Wednesday, October 22, 2008

Georgia - 'Aid Lacks Transparency'

According to Transparency International:

Transparency International Georgia today criticised a lack of transparency and local consultation ahead of a conference on 22 October, where decisions on hundreds of millions of dollars of international aid to Georgia will be made. Representatives of donor nations, multilateral institutions and the Georgian government will gather in Brussels for the conference, which is co-chaired by the European Commission and the World Bank and comes in the wake of the Georgian-Russian conflict in August 2008.

Commenting on the opaque decision-making process, Tamuna Karosanidze, Executive Director of Tbilisi-based TI Georgia said, “Aid given behind closed doors lacks accountability, to the taxpayers of donor nations as much as to the citizens of Georgia. The lack of transparency in giving this aid makes it less likely that money will reach those most in need. If donors want aid to support Georgia’s development, they must ensure that this aid is transparent and democratically accountable.”

Decision-making at the conference will be based on a “Joint Needs Assessment”, an extensive document drawn up by a mission coordinated by the World Bank and the United Nations.
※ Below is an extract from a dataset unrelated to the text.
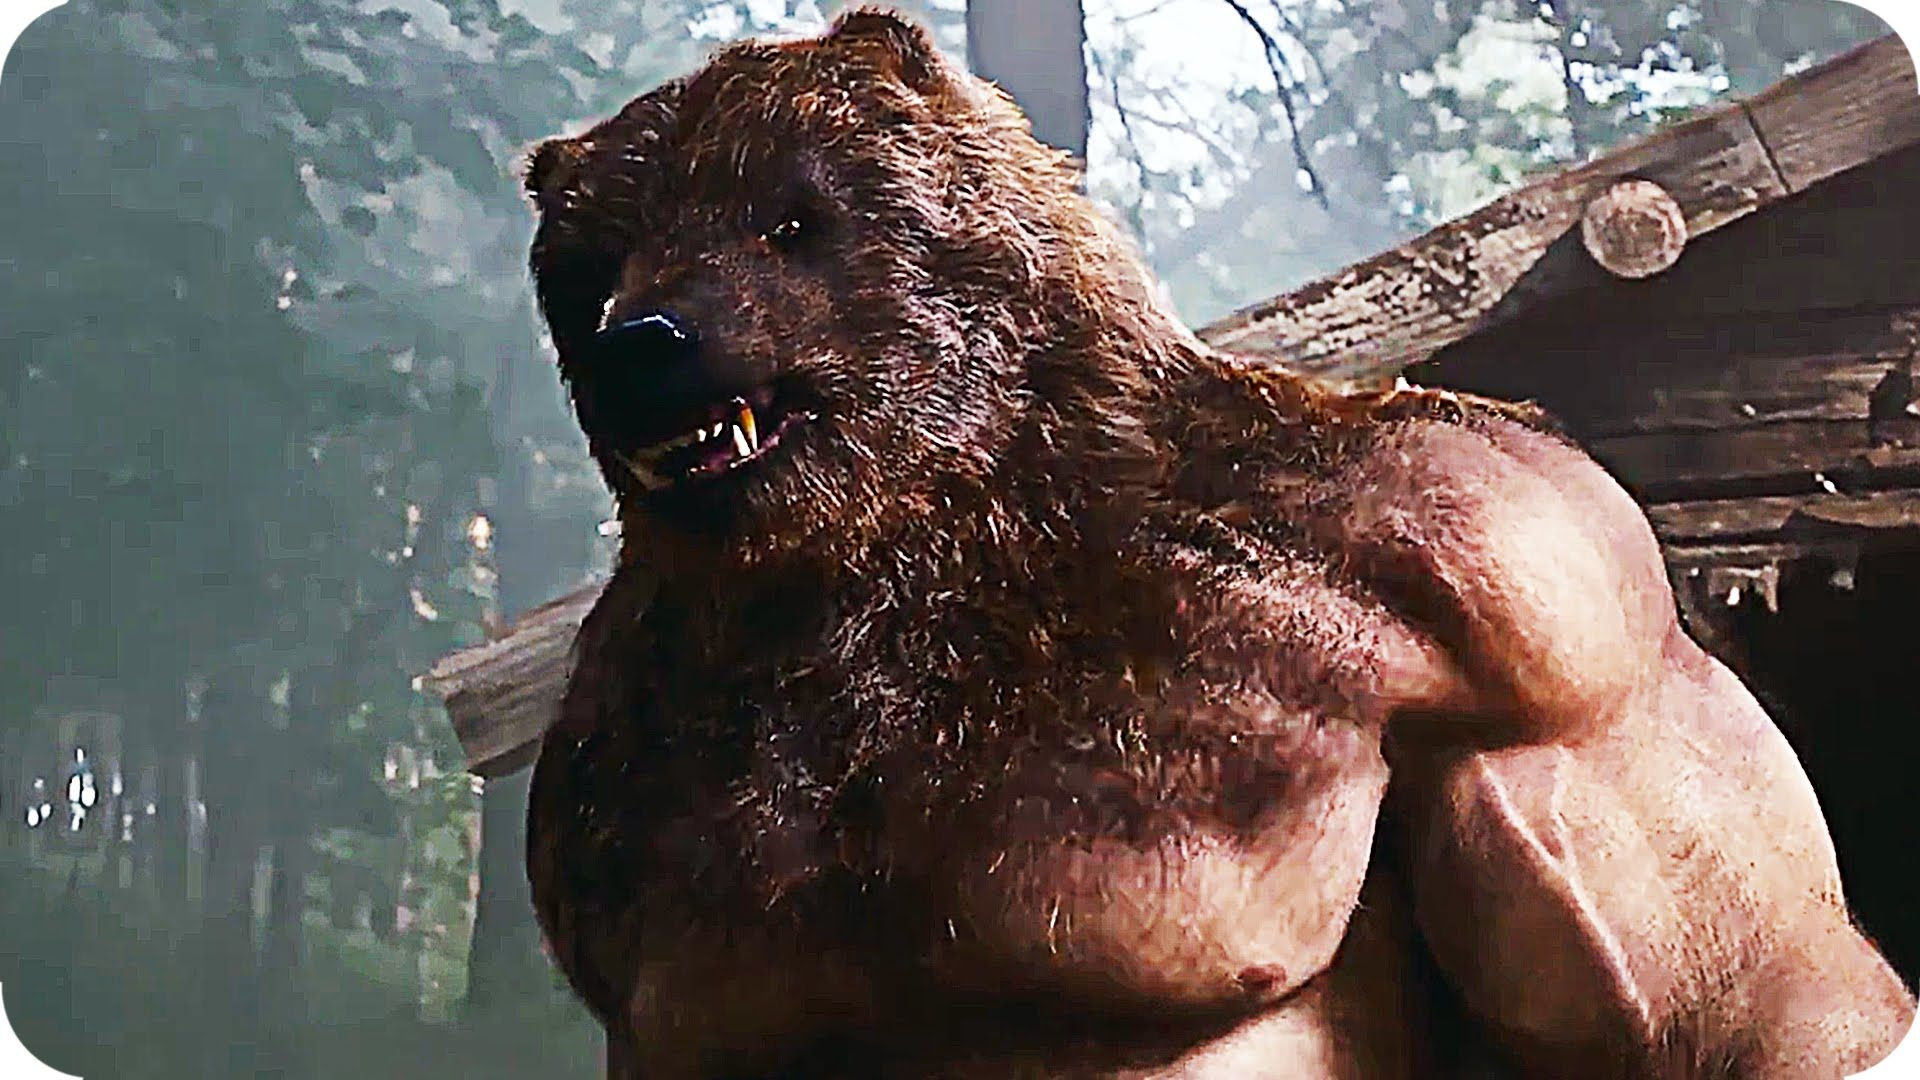 GUARDIANS Teaser Trailer 3 (2017) Russian Superhero Movie | HORROR ...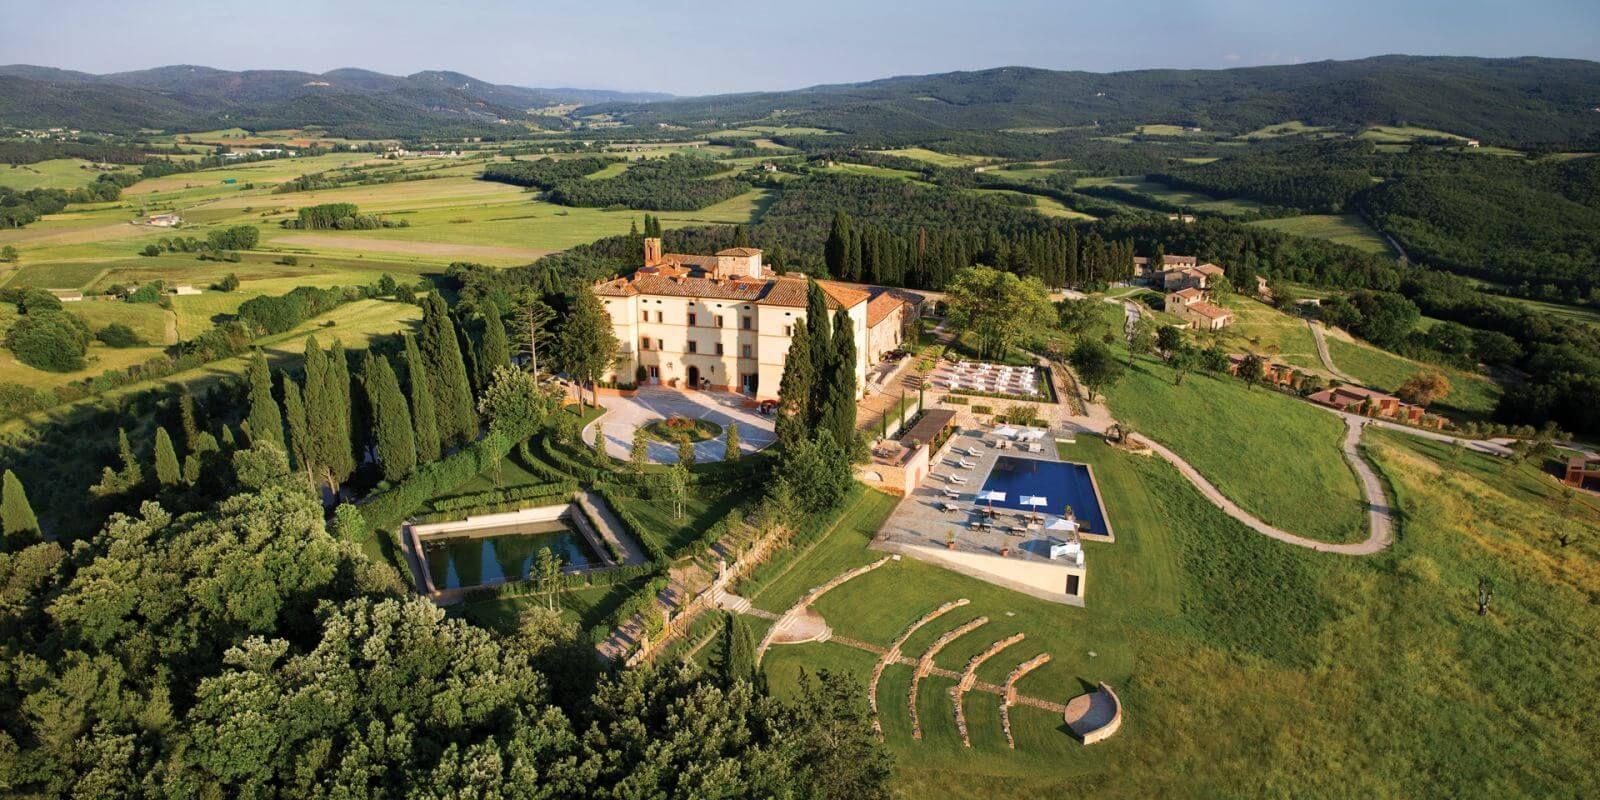 castello-di-casole-home-aerial-tiny.jpg

The Joint Needs Assessment estimates that Georgia will require USD 3.25 billion (€2.38 billion) over the next three years in budget support, social sector support and infrastructure development. This is more than Georgia’s government plans to spend in 2009, and the equivalent of nearly one thousand dollars for every person living in the country.

“Allocating these huge sums behind closed doors on the basis of a secret document does not set a good example for Georgian democracy to follow,” continued Karosanidze. “If Georgia’s citizens can have no say in how this money will be spent, democracy in Georgia will be weakened rather than strengthened. Aid will only be received positively in Georgia if Georgian citizens are confident that it will be well spent, which is something that only wide-spread civic involvement and transparency can achieve.”

Hmmm. Have you read 'The Shock Doctrine' by Naomi Klein? Perhaps there might be a reprint in the offing with a new chapter on the Georgian scam. Meanwhile:

TBILISI, Georgia — A political opponent of Mikheil Saakashvili, the president of Georgia, called on Monday for mass protests on Nov. 7, the first anniversary of a government crackdown on demonstrators that left 500 people injured.

The opponent, Levan Gachechiladze, who lost to Mr. Saakashvili in presidential elections in January, urged demonstrators to gather in front of the Georgian Parliament in Tbilisi, the site of last year’s violence.

Making his announcement about the protest on the Parliament steps, Mr. Gachechiladze said the purpose would be to call Mr. Saakashvili to account for Georgia’s losses in the August war against Russia over the disputed enclaves of South Ossetia and Abkhazia. He has also accused the government of tainting the results of parliamentary elections and presidential elections.

“The opposition is going to renew the waves of protest and ask President Saakashvili to take responsibility for his actions last year,” Mr. Gachechiladze said.

It will be interesting to see if these protests are as brutally put down. Particularly as there appears to be a new neo-liberal drive. Of course, if there is any trouble, it will be down to Russian interference (notice 'American interference' is almost non-existent). Events on 7th November will be very interesting indeed.